10-Punkte-Plan gegen Umgehungen Habeck nimmt Sanktions-Schummler ins Visier
23.02.2023, 00:01 UhrMit Sanktionspaketen will die EU Putins Kriegsindustrie schwächen. Doch offenbar landen viele geächtete Produkte über Umwege doch in Russland. Wirtschaftsminister Habeck plant jetzt härtere Gegenmaßnahmen.
Bundeswirtschaftsminister Robert Habeck von den Grünen will die Umgehung von Sanktionen gegen Russland stärker als bislang bekämpfen. Das geht aus einem 10-Punkte-Papier seines Ministeriums hervor, das RTL/ntv exklusiv vorab vorliegt. In dem Papier heißt es, Außenhandelsdaten deuteten darauf hin, dass EU-sanktionierte Güter "in erheblichem Maß" aus der EU und damit auch aus Deutschland in bestimmte Drittländer ausgeführt und von dort nach Russland weiter exportiert würden. "Diesen Umgehungsaktivitäten müssen wir uns gemeinsam effektiver als bislang entgegenstellen, auf nationaler Ebene und auf Ebene der EU", so das Habeck-Ministerium. Man werde sich in Abstimmung mit den anderen Ressorts der Bundesregierung dafür einsetzen, dass darauf der Fokus eines elften Sanktionspakets der Europäischen Union liege.
Zuletzt hatte es immer mehr Berichte darüber gegeben, dass sanktionierte Produkte aus der EU vermehrt in Drittstaaten exportiert werden und von dort nach Russland gelangen. Darunter sind Fahrzeuge, Schlüsseltechnologien wie Halbleiter oder andere für Militärtechnik wichtige Güter.
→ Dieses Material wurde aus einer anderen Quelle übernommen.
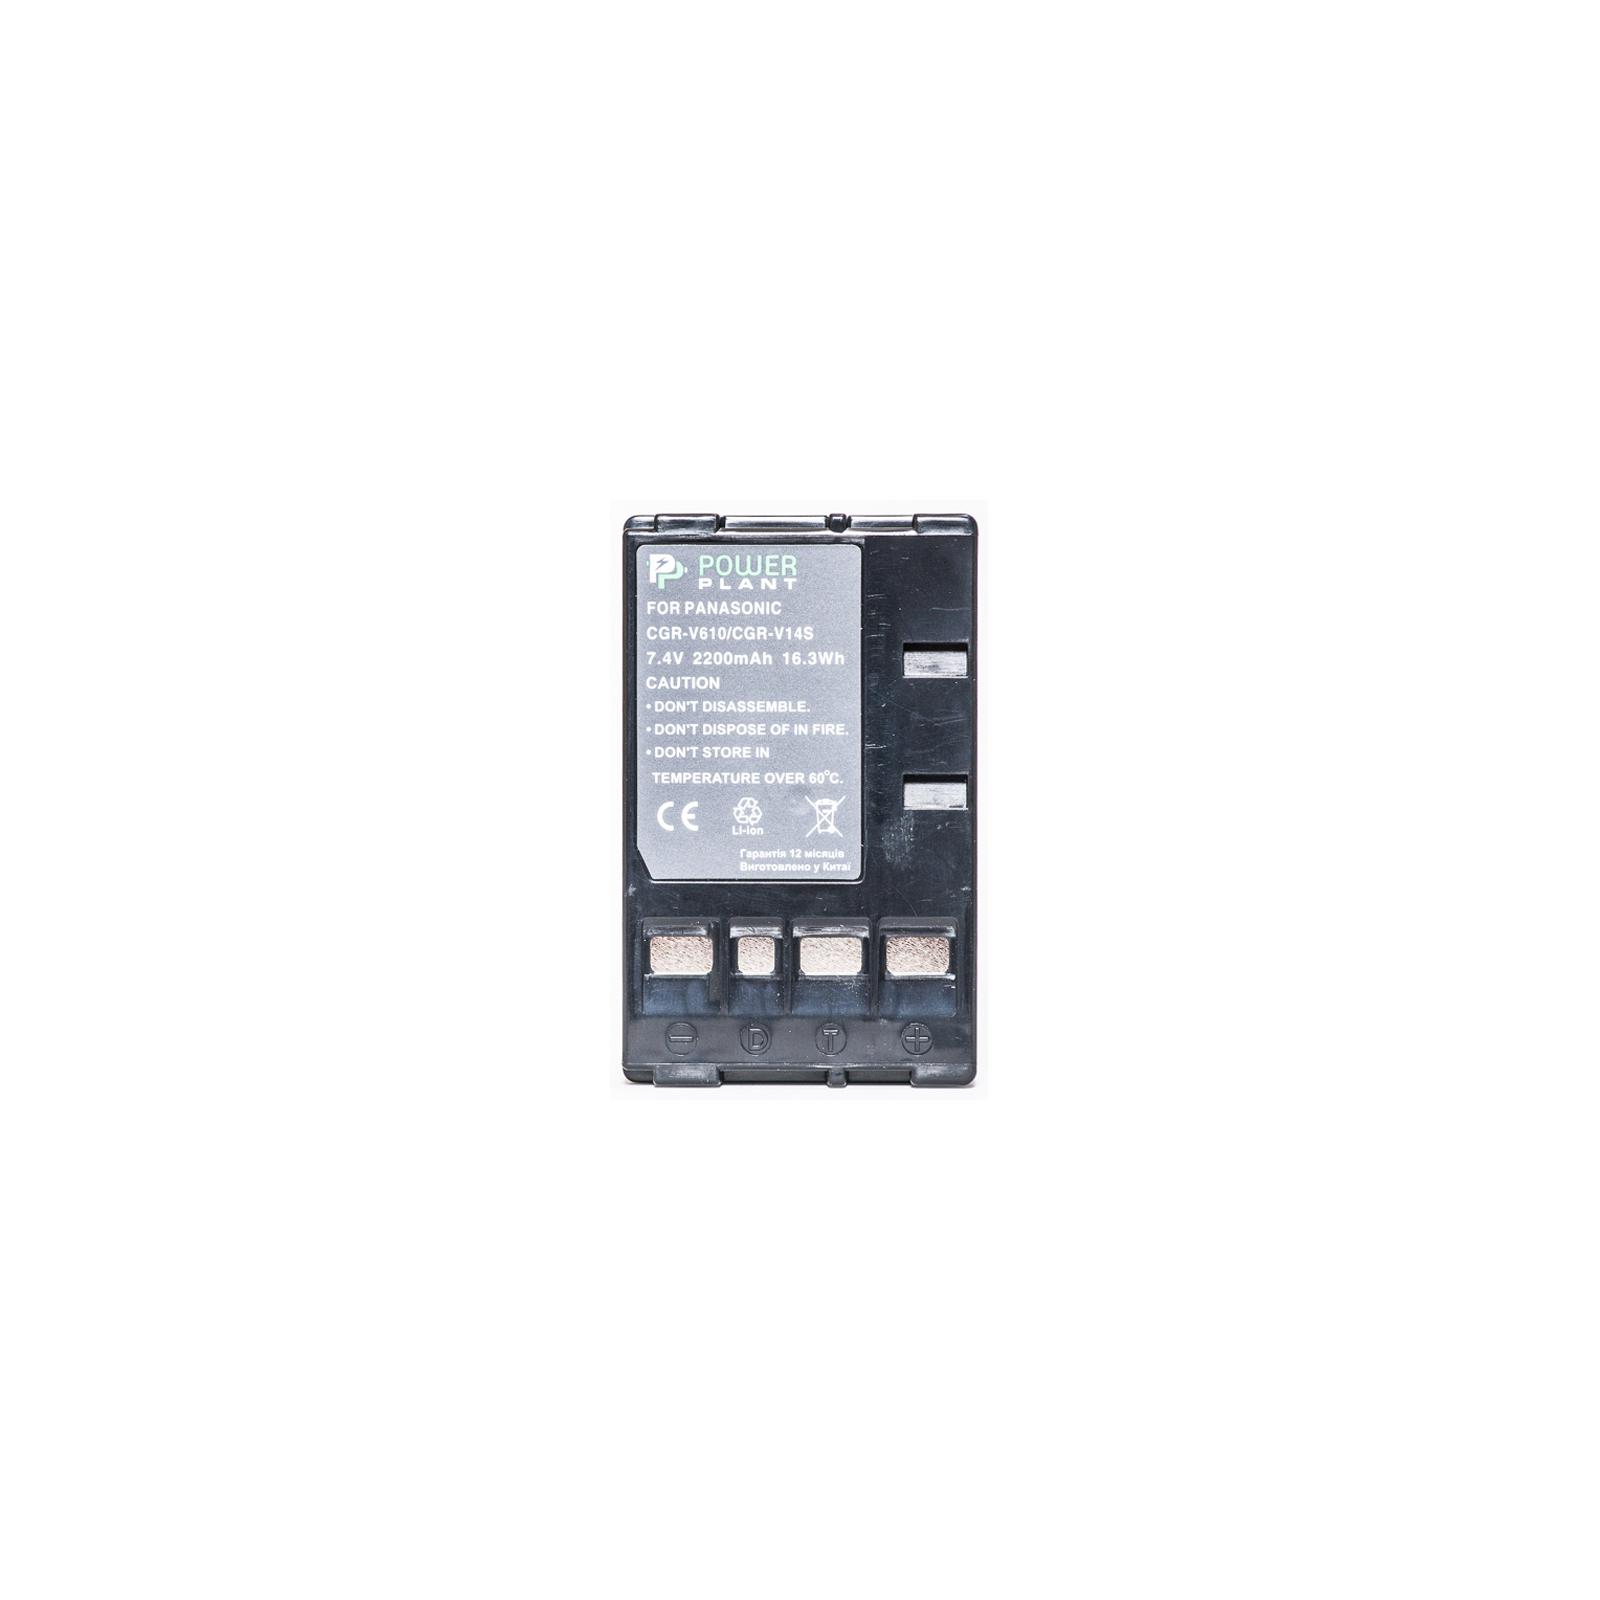 Аккумулятор к фото/видео PowerPlant Panasonic V610, V14 (DV00DV1095) изображение 2

Es gibt sogar Hinweise auf den gehäuften Export von Kühlschränken und Waschmaschinen, in denen Computerchips verbaut sind, die für Russland wichtig sein können.
Habeck fordert nun unter anderem schärfere Ausfuhrbedingungen für sanktionierte Güter, die von Bedeutung für die russische Kriegsmaschinerie sind. Unternehmen soll nur noch dann der Export in bestimmte Drittstaaten ermöglicht werden, wenn sie im Rahmen der Ausfuhranmeldung transparente Endverbleibserklärungen abgeben. Vorsätzliche Verstöße sollten möglichst europaweit unter Strafe gestellt werden.
Habeck will Druck auf Drittstaaten erhöhen
Der Minister will zudem bei der EU schärfere Durchgriffsmöglichkeiten erreichen. Dem Europäischen Rat möchte er ein neues Listungskriterium vorschlagen: Personen und Unternehmen sollen demnach schon allein dann sanktioniert werden können, wenn sie ein Produkt mit EU-Herkunft über eine Firma aus einem Drittstaat nach Russland weitergegeben haben. "Wir setzen uns in Brüssel zudem für die Schaffung einer sanktionsrechtlichen Basis ein, um bestimmte Unternehmen aus Drittstaaten, als Empfänger sanktionierter Güter auszuschließen", heißt es in dem Ministeriums-Papier.
Habeck will darüber hinaus den Druck auf Drittstaaten erhöhen. Dafür brauche es auf europäischer Ebene einen Rechtsrahmen, um "nicht-kooperative Jurisdiktionen" zur Zusammenarbeit zu bewegen - etwa mit der Drohung, Zollerleichterungen aufzuheben.
Der Grünen-Minister fordert zudem eine an jedermann gerichtete Pflicht: Wer über sanktionsrelevante Informationen verfügt, soll diese den Sanktionsdurchsetzungsbehörden melden müssen. Im Verdacht stehen Staaten wie die Türkei, China oder Indien, die sich nicht an den Sanktionen gegen Moskau beteiligen und selbst nicht von Strafmaßnahmen betroffen sind. Auffällig ist auch, dass Handelsströme von Deutschland in russische Nachbarstaaten wie Kirgistan, Kasachstan oder Armenien im vergangenen Jahr deutlich zugenommen haben.